Elle hocha la tête, après une hésitation. Comment pouvait il ignorer la vérité ? Comment pouvait elle la lui cacher ? Elle lui en voulait de ne pas savoir, comme elle en voulait à Riley de ne pas lui avoir raconté. Elle allait s’effondrer d’une minute à l’autre, et il valait mieux que ce ne soit pas devant lui.
Paul se souvint tout à coup de sa compagne de flânerie.
– Je te présente Monique, dit il, un peu brusquement.
Il ne s’encombra même pas de la seconde moitié des présentations.
– Je m’appelle Alice, précisa-t-elle.
– Salut, fit Monique.
Sa bouche était rutilante. Trop brillante pour qu’on ait envie de l’embrasser, songea Alice. Elle ne devait pas être du genre à traîner avec des employés du parc.
– Salue ta famille pour moi, dit Paul.
Et il lui tourna le dos.
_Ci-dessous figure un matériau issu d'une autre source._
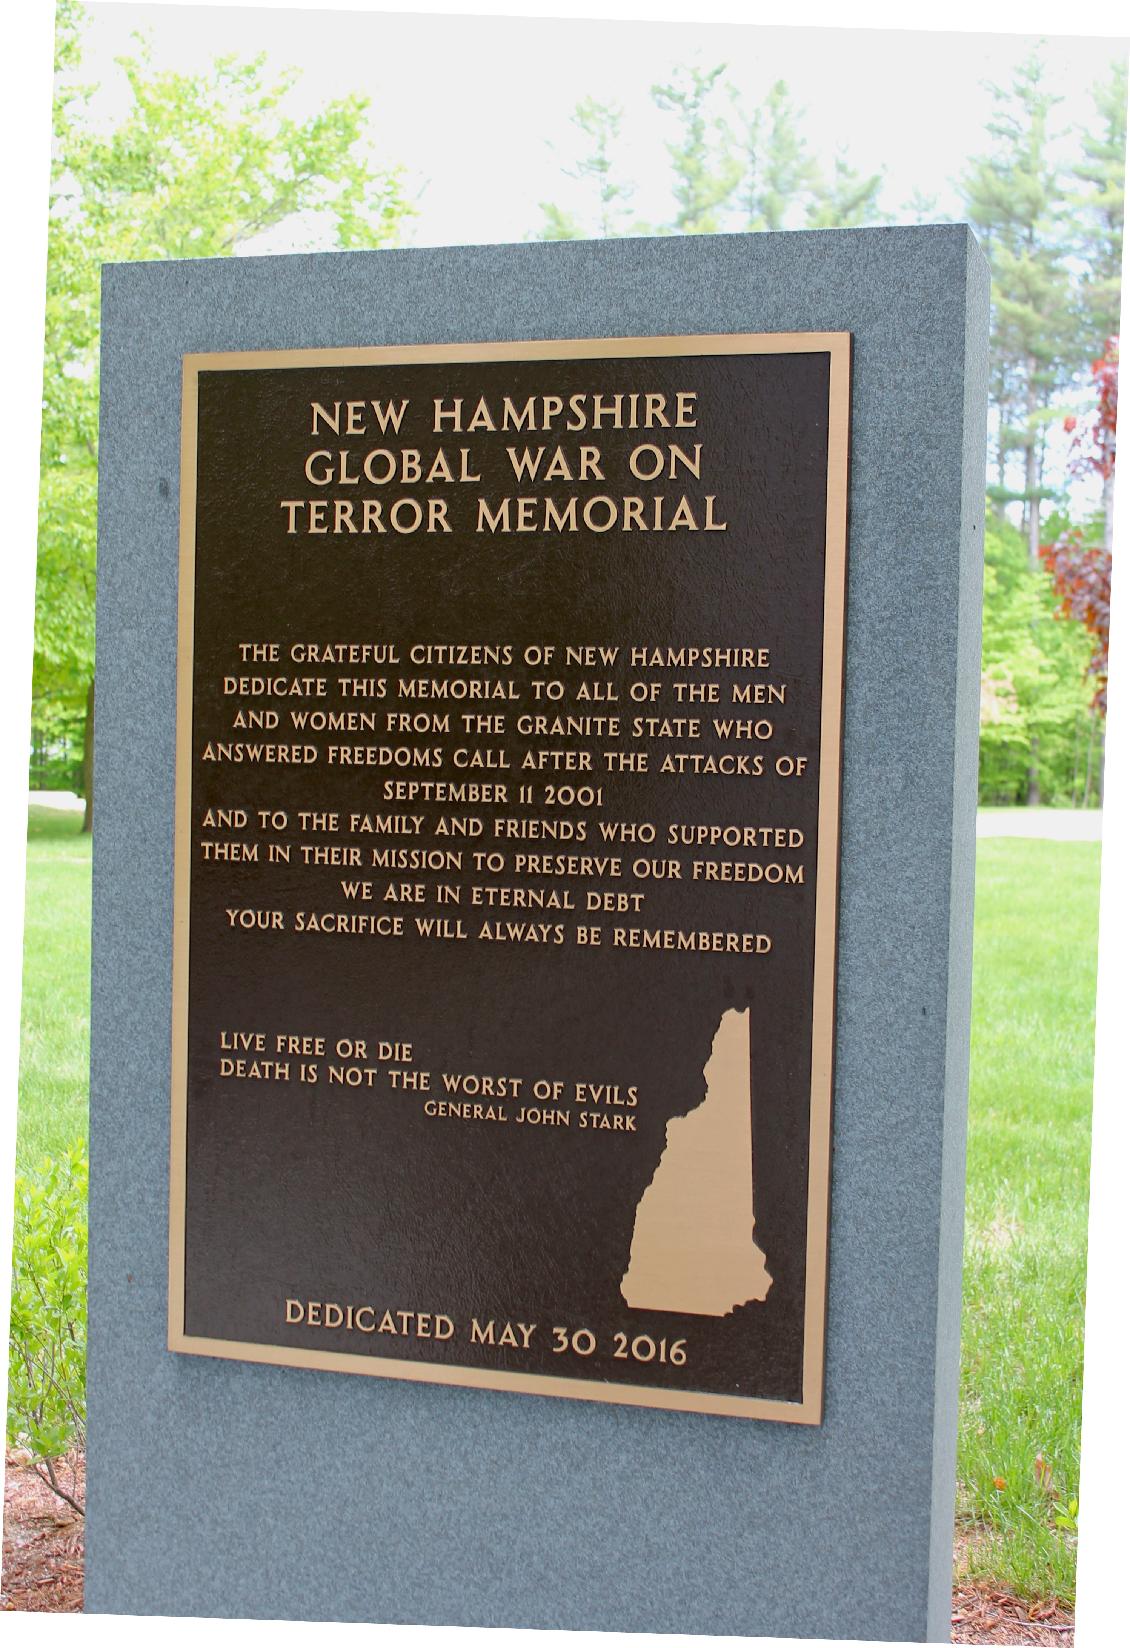 Global War on Terror Memorial Dedication NH State Veterans Cemetery May 30th 2016

Il en avait terminé avec elle. Il avait repris sa promenade, en gardant son bras pour lui, cette fois.
Elle entendit presque les commentaires de Monique sur sa combinaison. Elle entendit presque le rire de Paul en réponse. Elle les vit presque s’éloigner vers un café, main dans la main, en savourant le fait qu’ils n’avaient jamais eu, ni n’auraient jamais à porter une « combinaison saucisson ».
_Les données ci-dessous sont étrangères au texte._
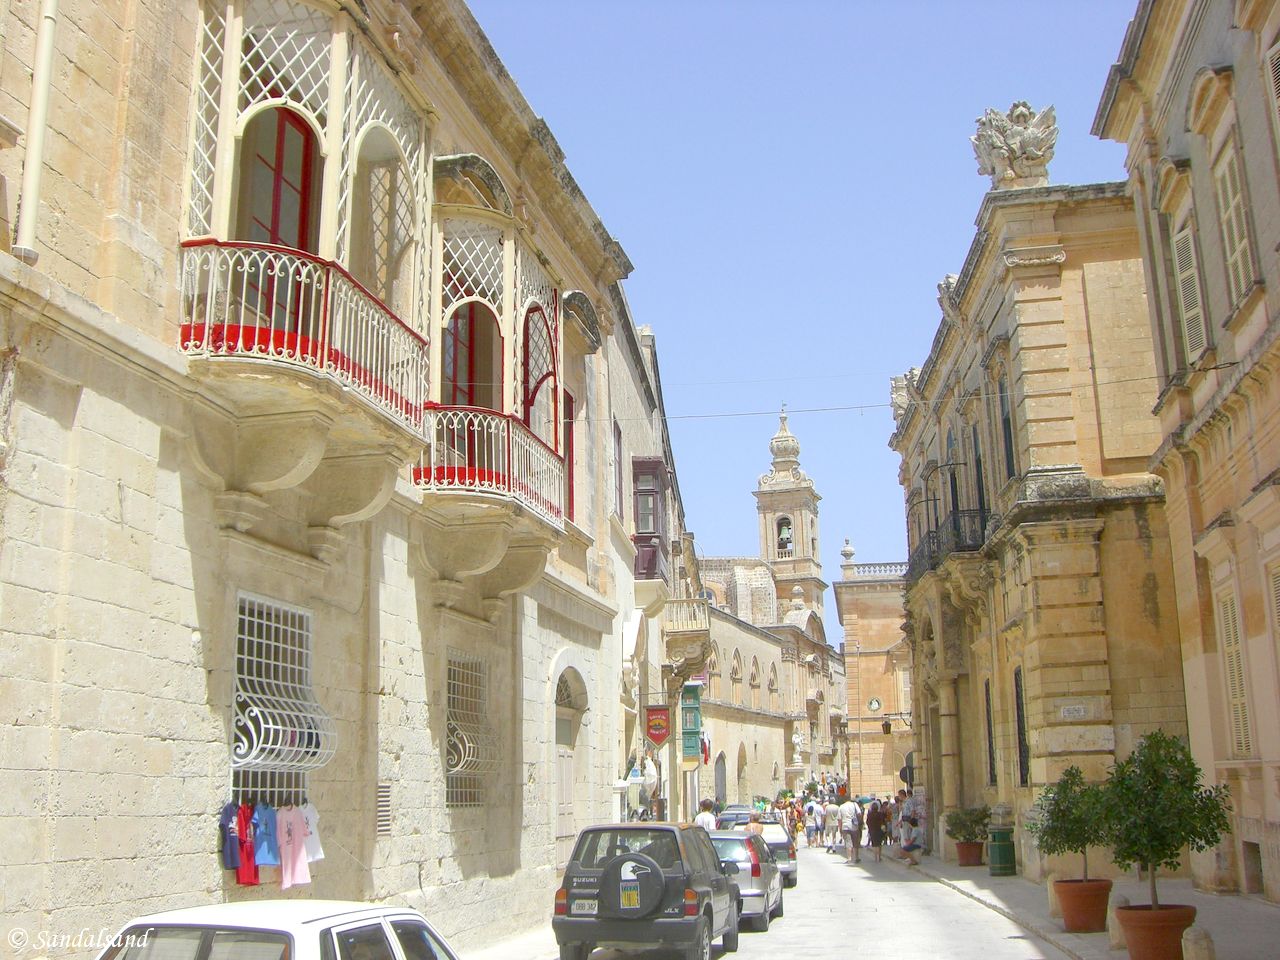 Street view from Mdina, Malta

– C’était qui ? demanda Monique.
Paul avait perdu toute envie de parler. Il se sentait mal à l’aise, plein de colère contenue.
– Une vieille amie. Enfin, la sœur d’une amie.
– Drôle de tenue, reprit elle d’un ton léger.
– Qu’est ce que ça veut dire ?
Son visage s’était durci, et il ne fit pas l’effort de le radoucir.
– Rien de spécial, se rétracta-t-elle vivement.
– Mais si, insista Paul, conscient qu’il aurait dû laisser tomber.
Il était furieux contre Alice. Pourquoi fallait il qu’il continue à la protéger ?
– Mais non, je t’assure, changeons de sujet, répliqua-t-elle.
Il lui avait clairement fait savoir qu’elle ne gagnerait pas de points en s’en prenant à Alice.
Il fallait toujours qu’elle choisisse des boulots avec un uniforme ridicule. Mais en même temps, il aurait rêvé d’aborder la vie avec le même enthousiasme, le même caractère entier qu’elle. Elle avait sa dignité, mais ne la plaçait pas dans son travail. Elle ne se laissait pas définir par ça, contrairement à tant d’autres.
Paul regarda Monique, dans sa tenue chic et sexy. Il avait beau être en colère contre Alice, il eut soudain la conviction que jamais il ne désirerait une femme habillée autrement qu’en combinaison vert bouteille à fermeture Éclair.